I would prefer LazySmallcheck's result, which would be the following:

    (_, _, "", _)
Where `_` indicates that part of the input wasn't evaluated.
yorwba•9mo ago
A minimal reproducing example cannot guarantee that you'll correctly diagnose a bug just by looking at the example (because multiple potential bugs could cause the same example to fail) but it can guarantee that when you step through the code to understand what's happening, you won't have to deal with huge amounts of irrelevant data.

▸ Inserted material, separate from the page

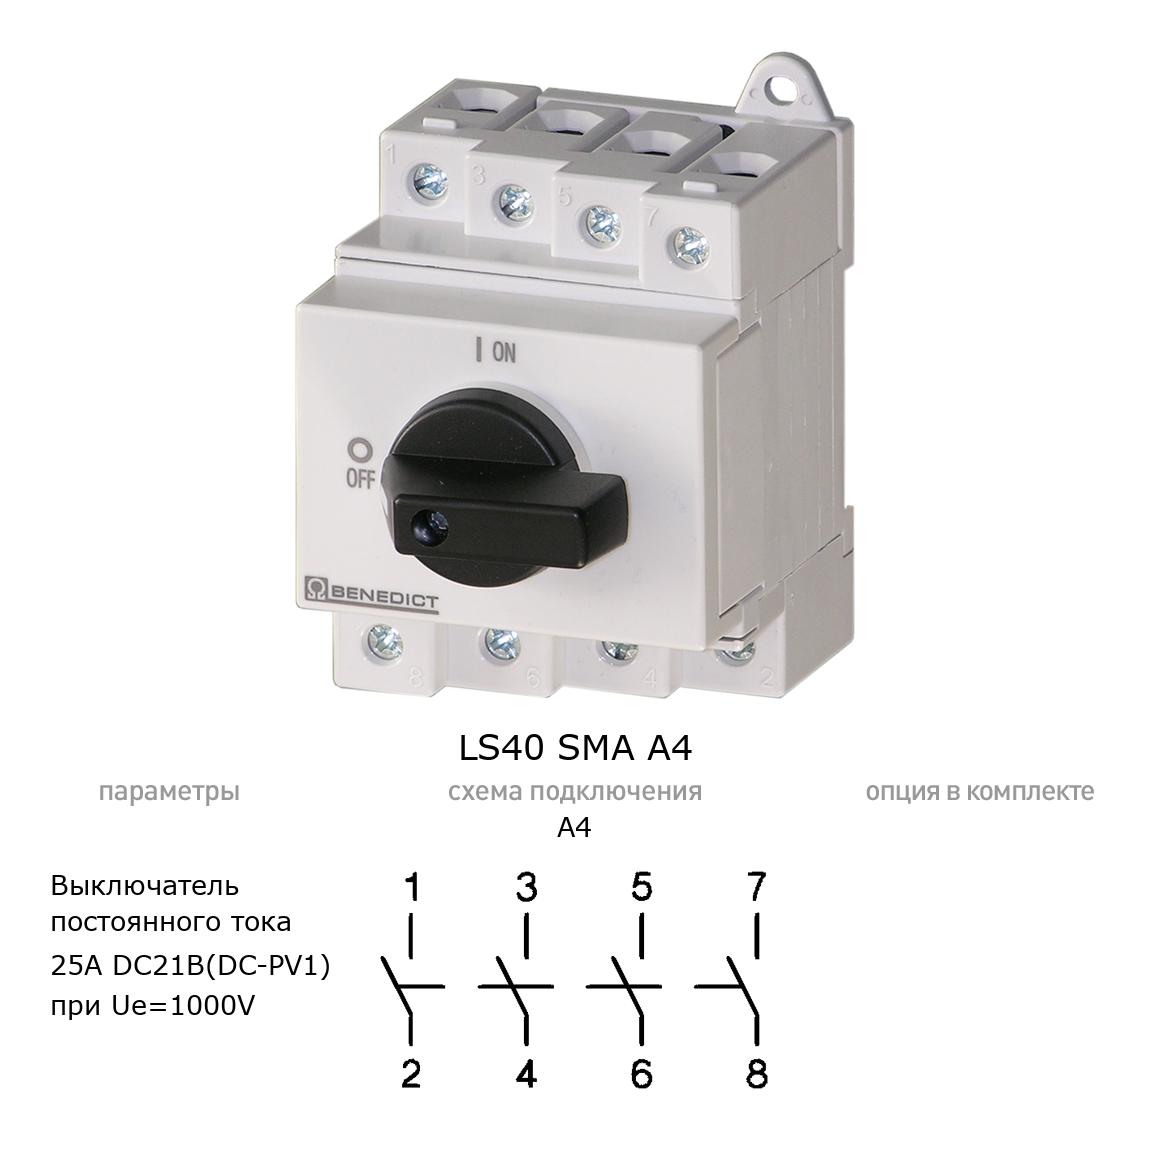 Кулачковый переключатель для постоянного тока (DC) LS40 SMA A4 BENEDICT

Maybe an alternative shrinking procedure could directly minimize the number of instructions that need to be executed to hit a failure...

edsko•9mo ago
(Author of falsify here.) You are absolutely correct that the empty string isn't always the best counter-example. The goal of shrinking is to shrink to the _simplest_ possible value (this is true for all approaches to shrinking). What constitutes "simple" is very much domain specific. It would certainly be possible to write a generator that would shrink to, say, "foo", as the canonical "simplest" example of a simple string. Indeed, since we are working in a lazy language, you could (with a bit of effort) shrink to `undefined` if the other arguments are not used at all.
mjw1007•9mo ago
I agree it can be domain-specific, but I think it's more common than not that empty containers, and the number zero, are corner cases rather than typical values.

So I think it would be a decent quality-of-life improvement to make generators of the sort you suggest easily available, and have the tutorial docs use them from the start.

shae•9mo ago
I care about the edge between "this value fails, one value over succeeds". I wish shrinking were fast enough to tell me if there are multiple edges between those values.